How goes the working conditions of teachers, so goes the education our students receive.
Students and teachers are working in a paper-and-pencil penitentiary.
The Adelaide Gaol | A-Wing Prison Cell - HDR Originally uploaded by Artie | Photography
“ ‘We’re here for the kids.’ ‘We do what’s best for kids.’ Often have these words been proclaimed from atop school district offices. However, has anyone thought that by doing what’s best for teachers you are doing what’s best for kids?” Brian Crosby, Smart Kids, Bad Schools
“Teacher working conditions are student learning conditions.” North Carolina governor Michael F. Easley
Death to All Sacred Cows authors David Bernstein, Beau Frasier, and Bill Schwab point out that focusing exclusively on the wonderfulness of your customers can alienate and demoralize your employees. Without a happy and motivated workforce, your business will wither and die.”
And if your business is educating students, then spending all your time focusing on the needs of the students while ignoring the needs of the teachers is a recipe for poor morale, poor teaching, and eventually poor results.
Ken Futernick, writing in the Los Angeles Times said, “We have a high-school dropout problem in large part because we have a teacher dropout program.”

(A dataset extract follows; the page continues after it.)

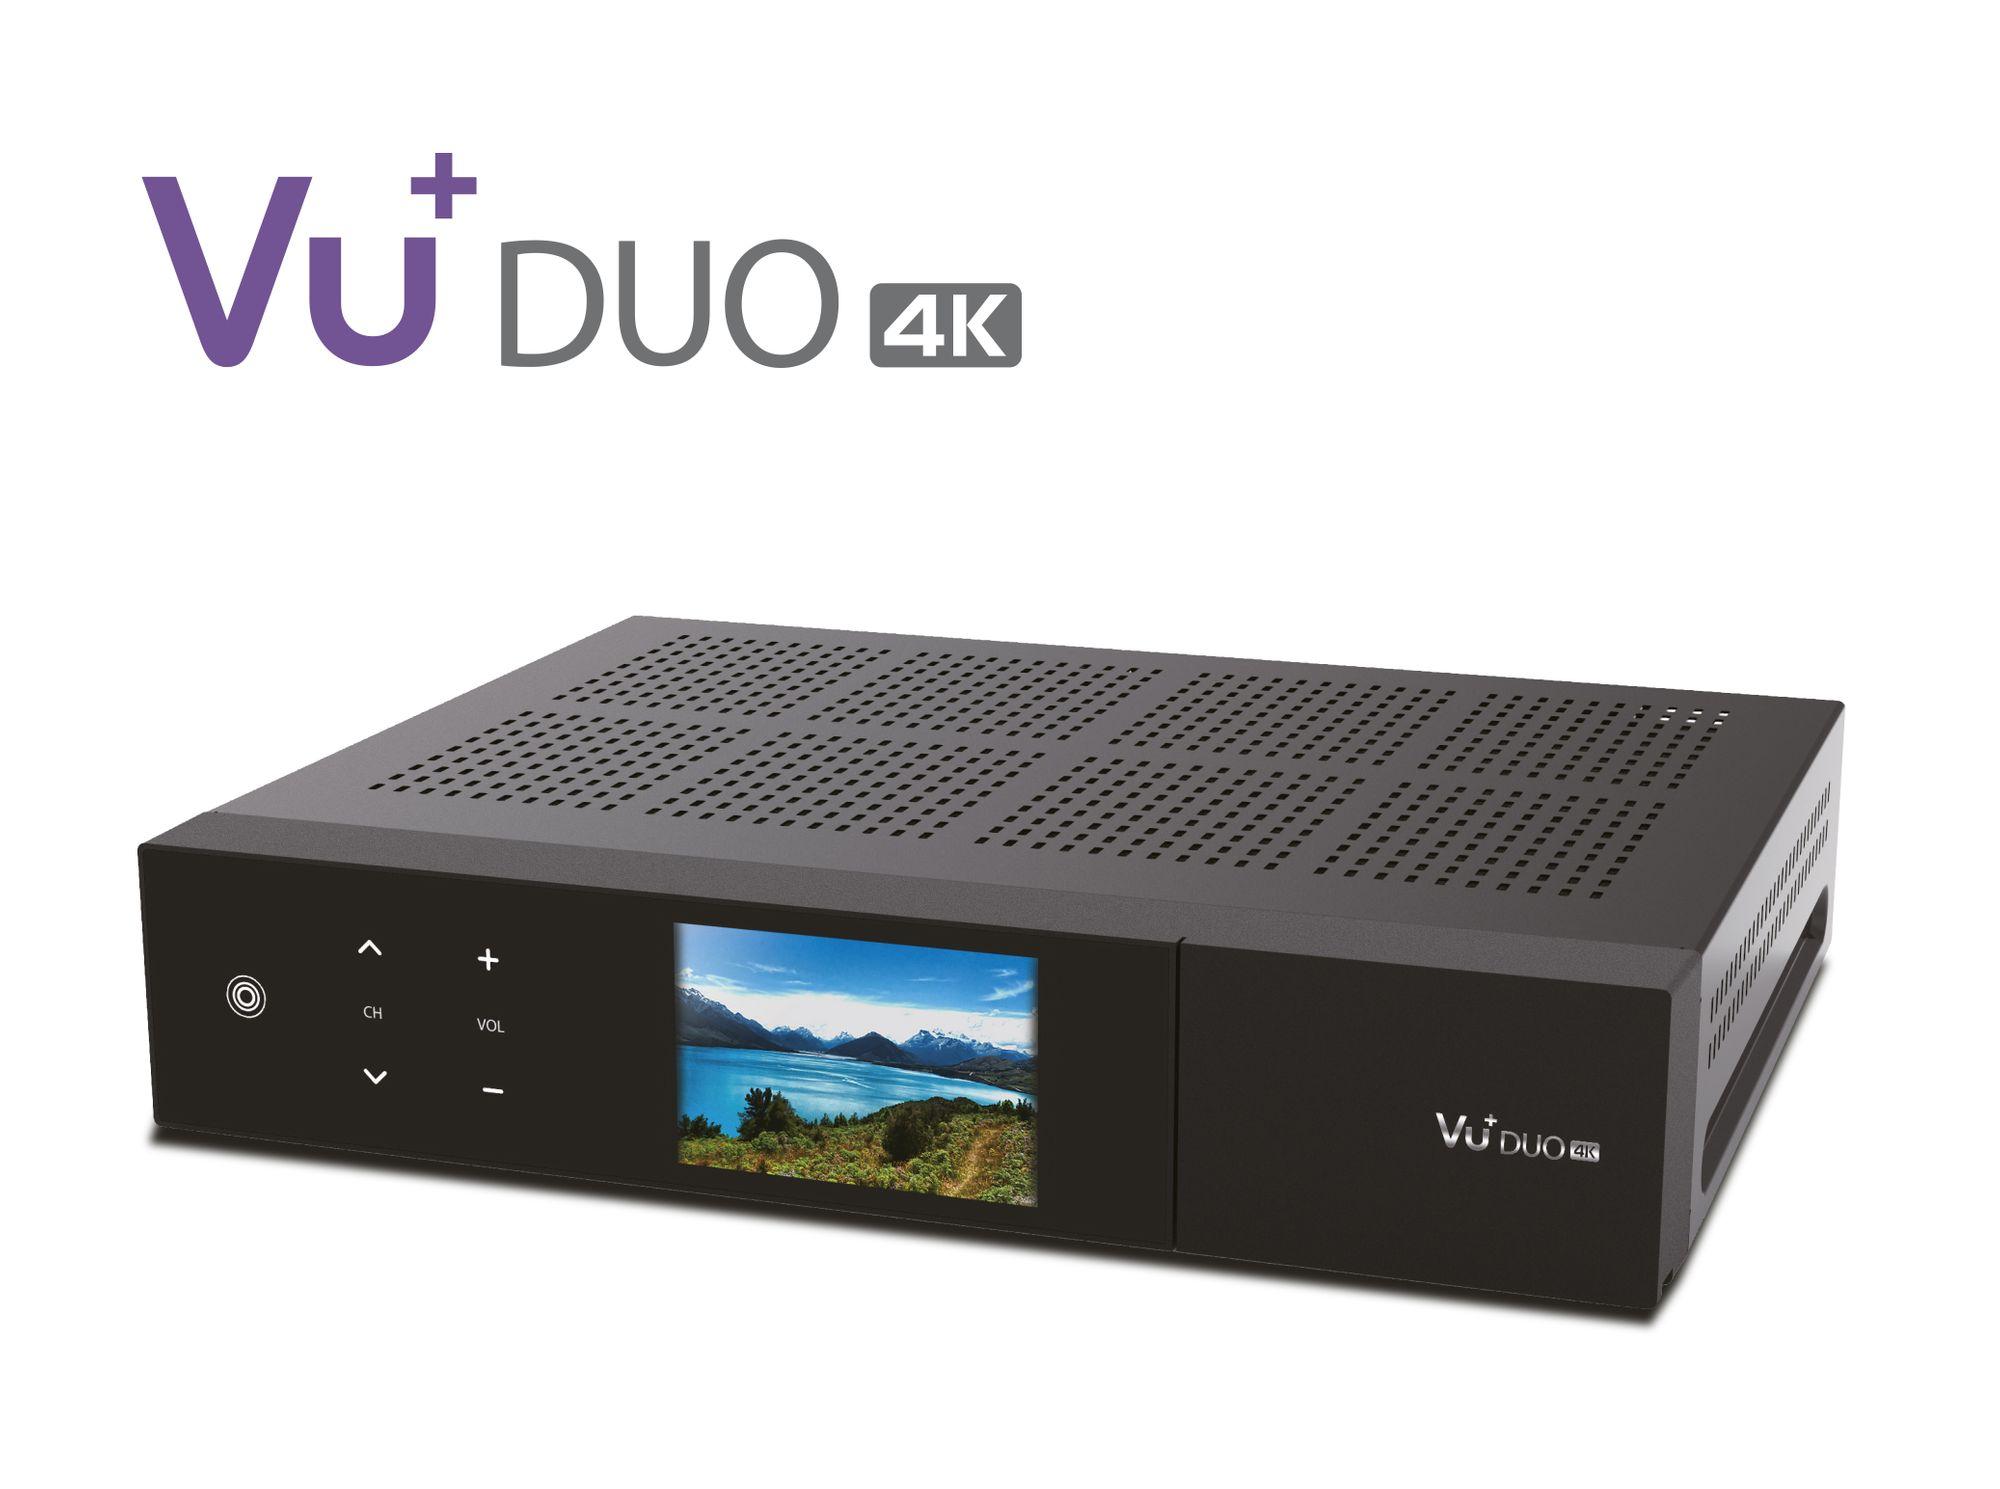 VU+ Duo 4K 1x DVB-S2X FBC Twin Tuner PVR ready Linux Receiver (UHD) 2160p

Teachers dropping out of the teaching profession is a serious problem. According to a 2007 California State University study, nearly one-quarter of new California teacher leave the profession in four years or less. Think of that, one out of every four teachers is leaving education after just a few years, even after all the training, education, and time they spend to get into the profession.
Teachers are expected to prepare students for success in the 21st Century, while working and teaching in 19th Century conditions. Compare how the conditions are for teachers, students, and prisoners.

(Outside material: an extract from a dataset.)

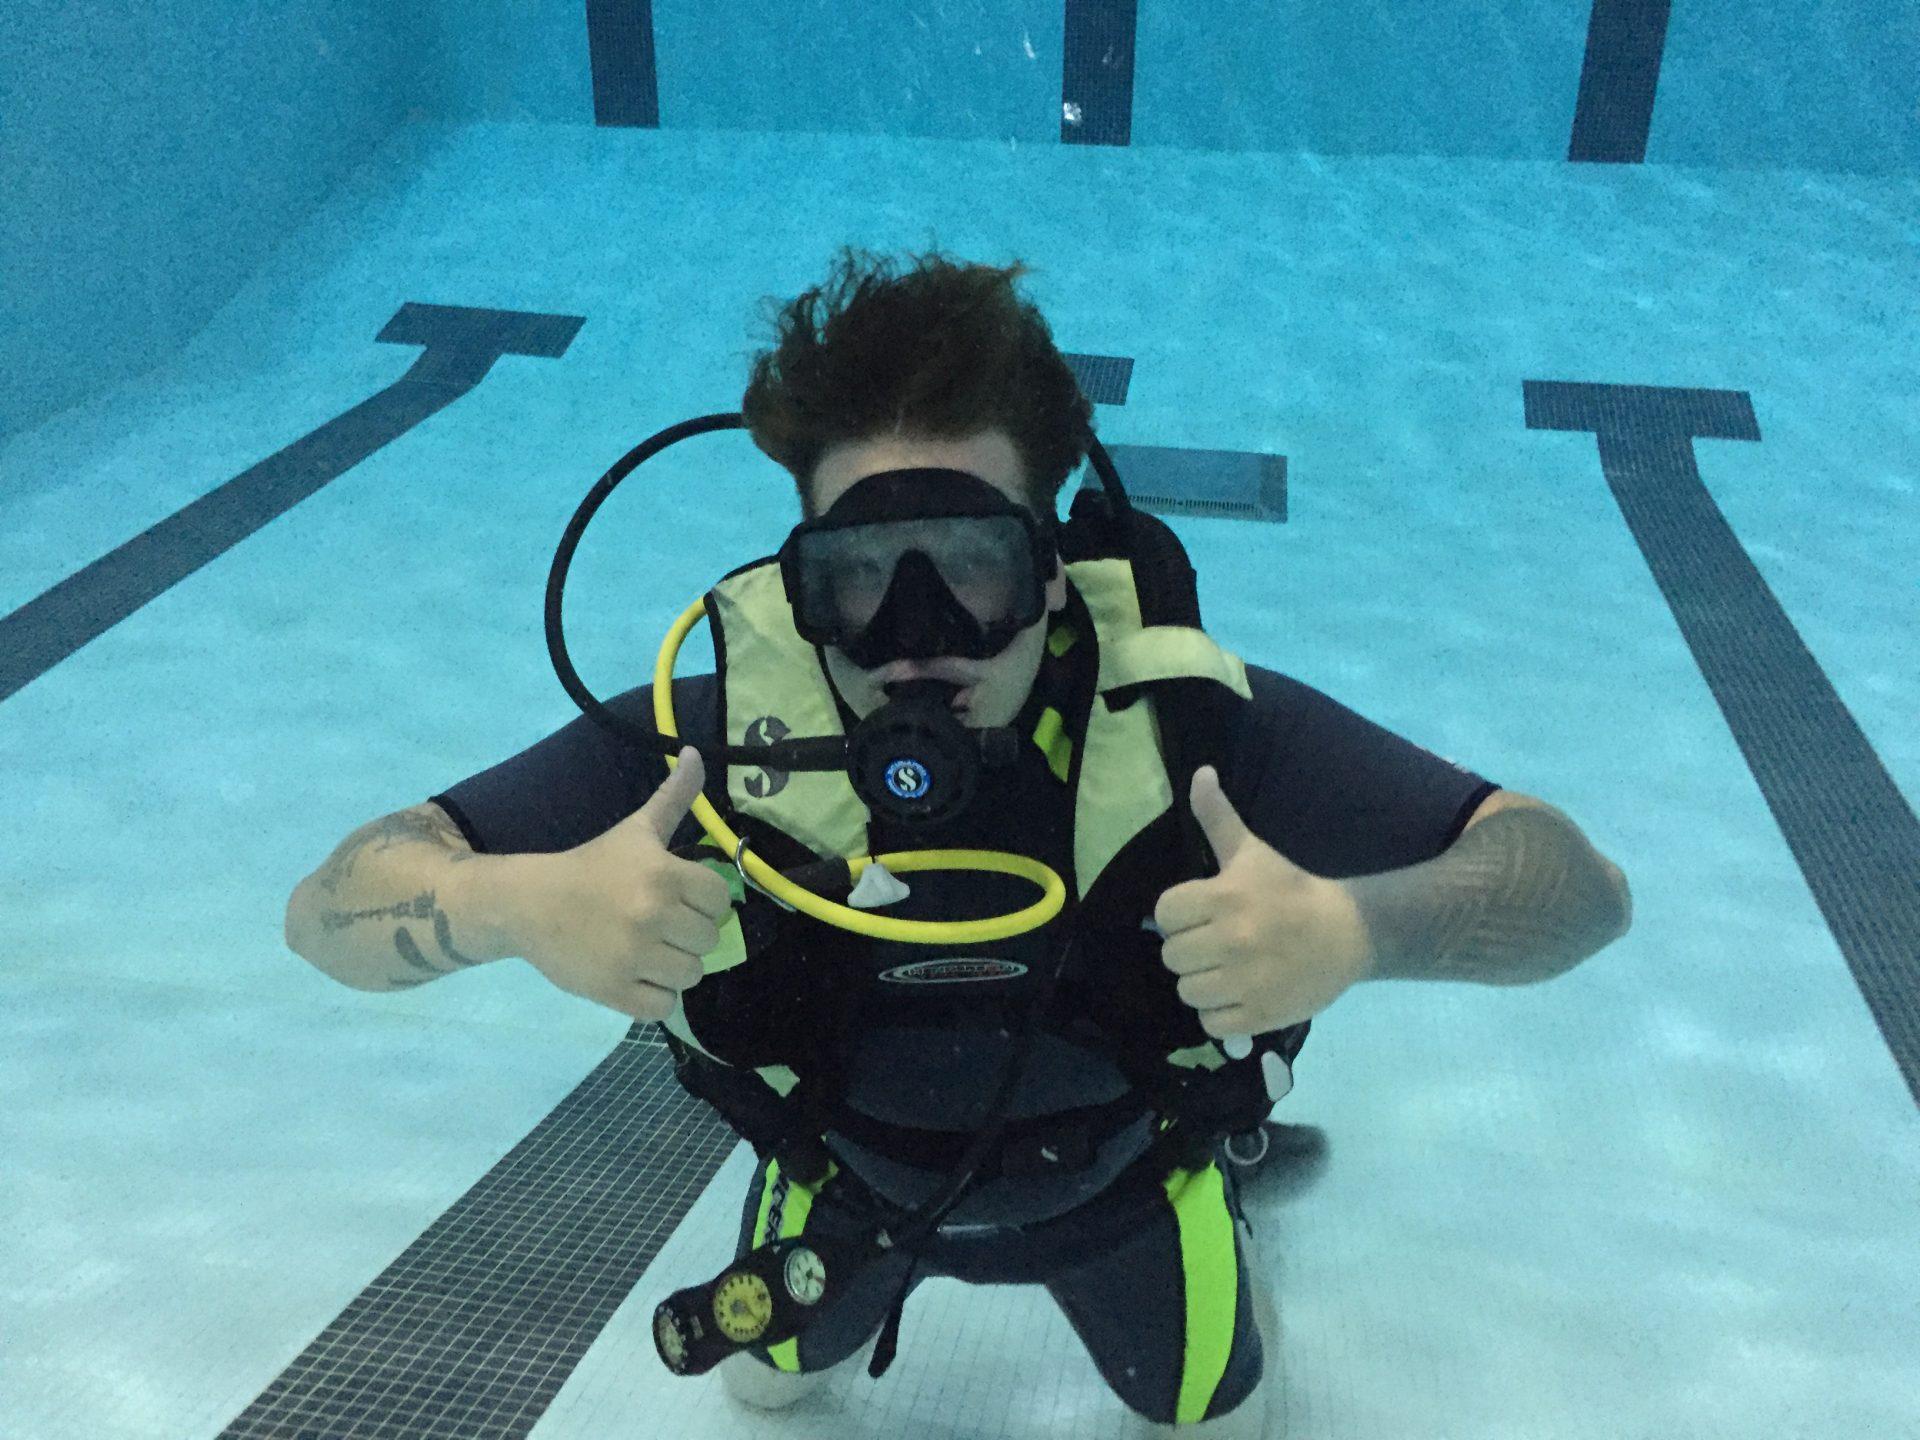 scuba diver in pool

Wouldn’t students and parents both benefit from a system treated teachers like professionals and put their long-term needs first ahead of the changing needs of students and parents. Students would get the education they deserve because they would be receiving instruction from teachers who are getting the treatment they deserve.
Fine dinning in New York City is not a place where you would think the customer comes second. But that is exactly the philosophy of restaurant owner and operator Danny Meyer. Death to All Sacred Cows puts it, “Danny Meyer certainly believes in treating the customer well….He just happens to think that the customer second and that his employees are the most important part of his business.”
Meyer once said in the in an article in Time Magazine,
“If you are devoted to your staff and can promise them much more than a
paycheck, something to believe in, you will get the best service for
your customers.”
Yvon Chouinard, founder of Patagonia clothing company, titled his book, Let My People Go Surfing: The Education of a Reluctant Businessman, If I were to write a book it might be titled Let My People Go To The Bathroom.
Give your teachers the best and they will give your students the best.
Give your students the best and they will change the world.